_About this exercise_
Below, find the line containing "Dimetria Katalog Für Den Vdk Druck Werbe Und"; from there to the final line, print every line exactly and skip the pictures.

[Dataset extract — start]

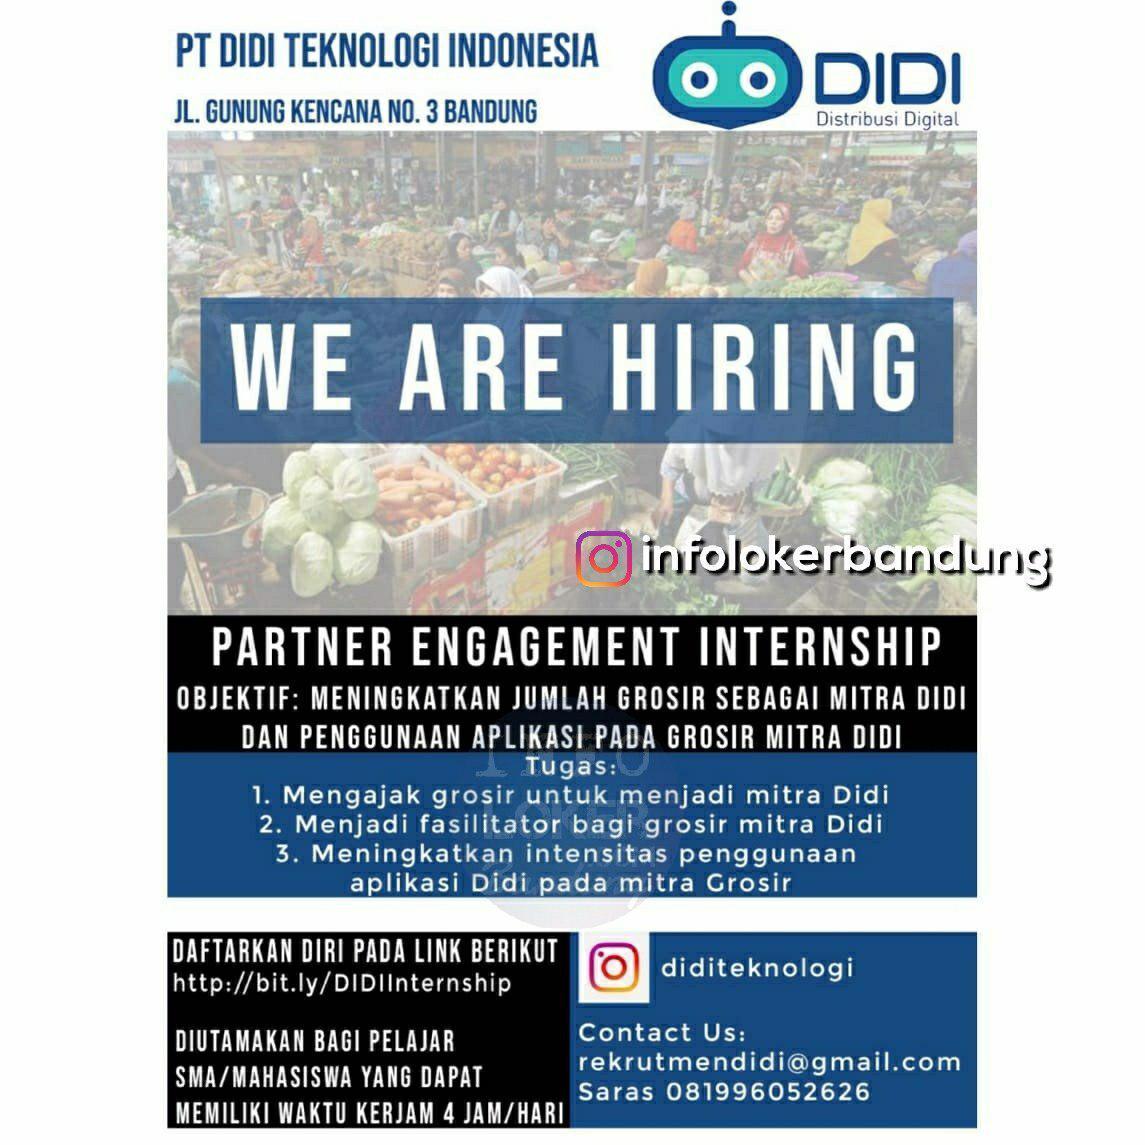 Lowongan Kerja PT. Didi Teknologi Indonesia Bandung November 2018
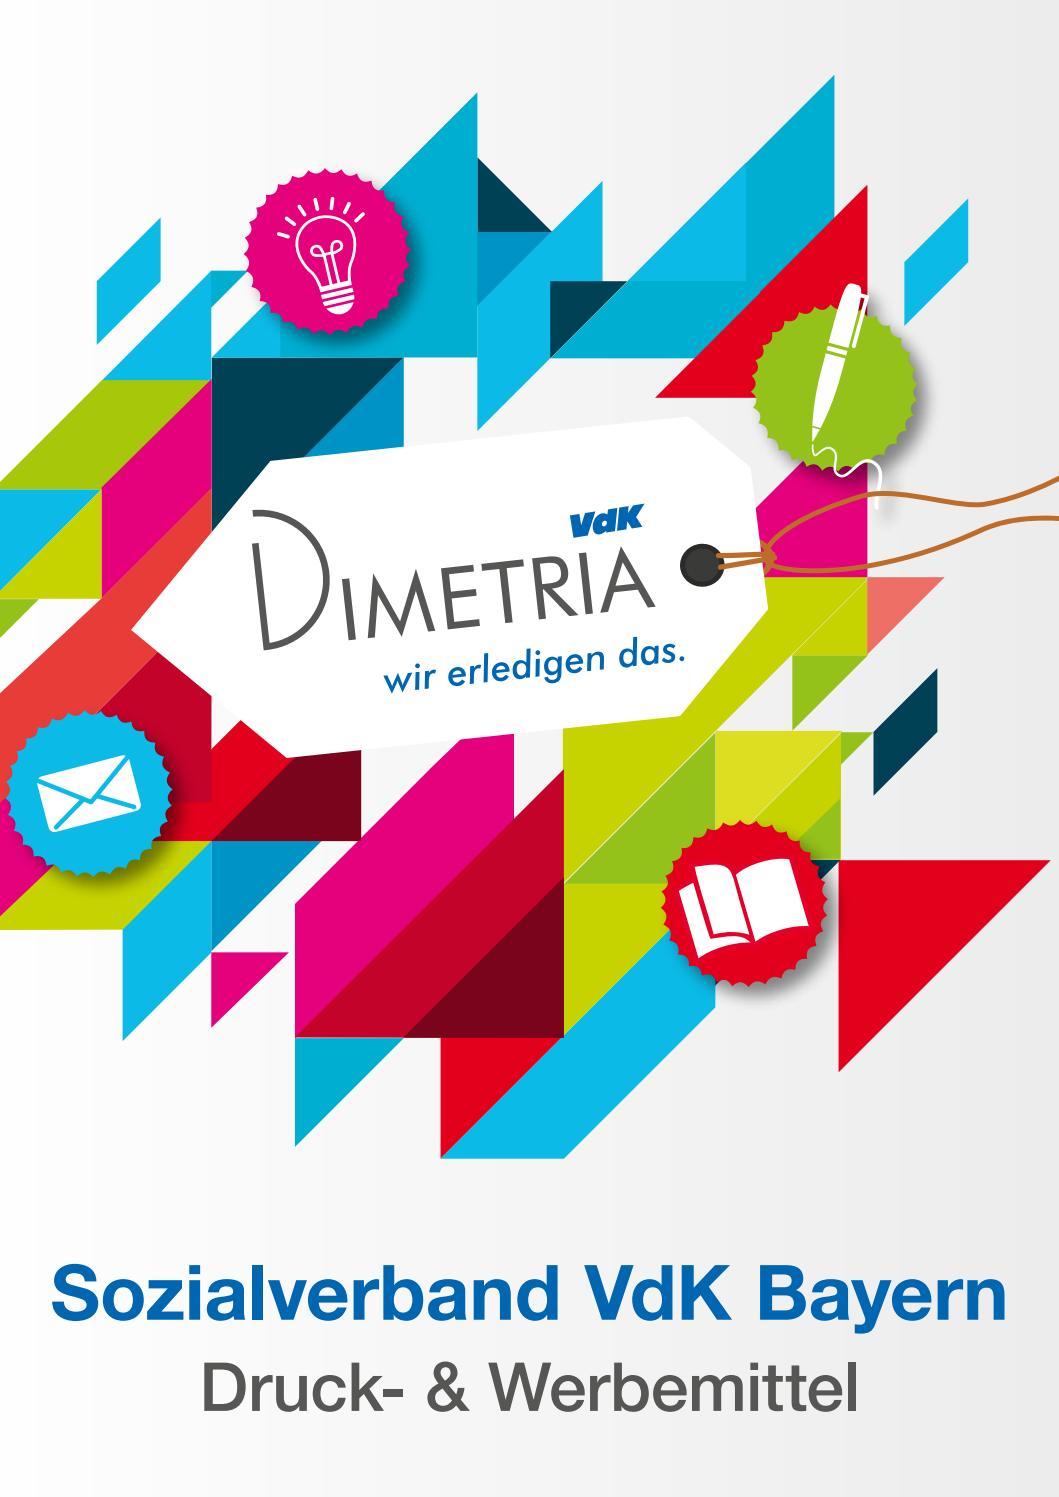 Dimetria Katalog Für Den Vdk Druck Werbe Und
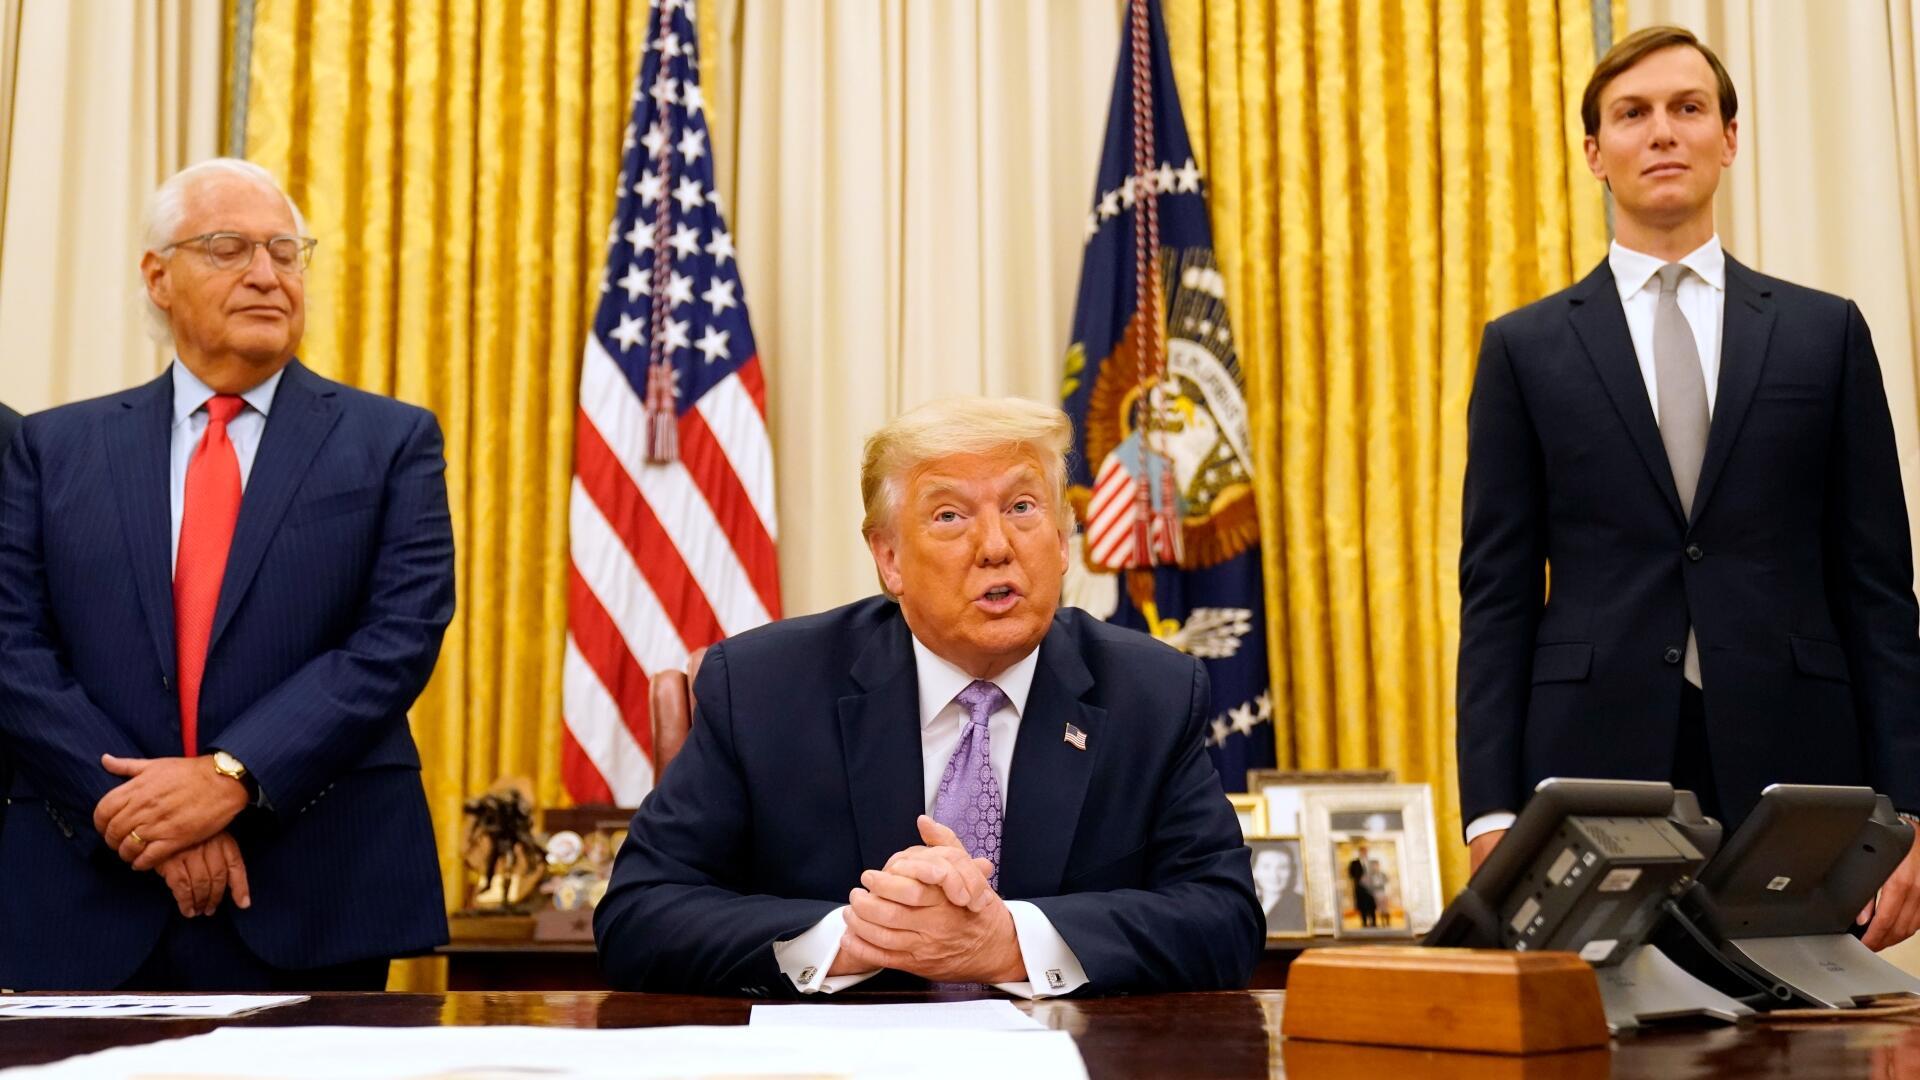 (特朗普8月13日在白宫椭圆形办公室。图源:《华盛顿邮报》)

[Dataset extract — finish]

_Answer below_
 Dimetria Katalog Für Den Vdk Druck Werbe Und
 (特朗普8月13日在白宫椭圆形办公室。图源:《华盛顿邮报》)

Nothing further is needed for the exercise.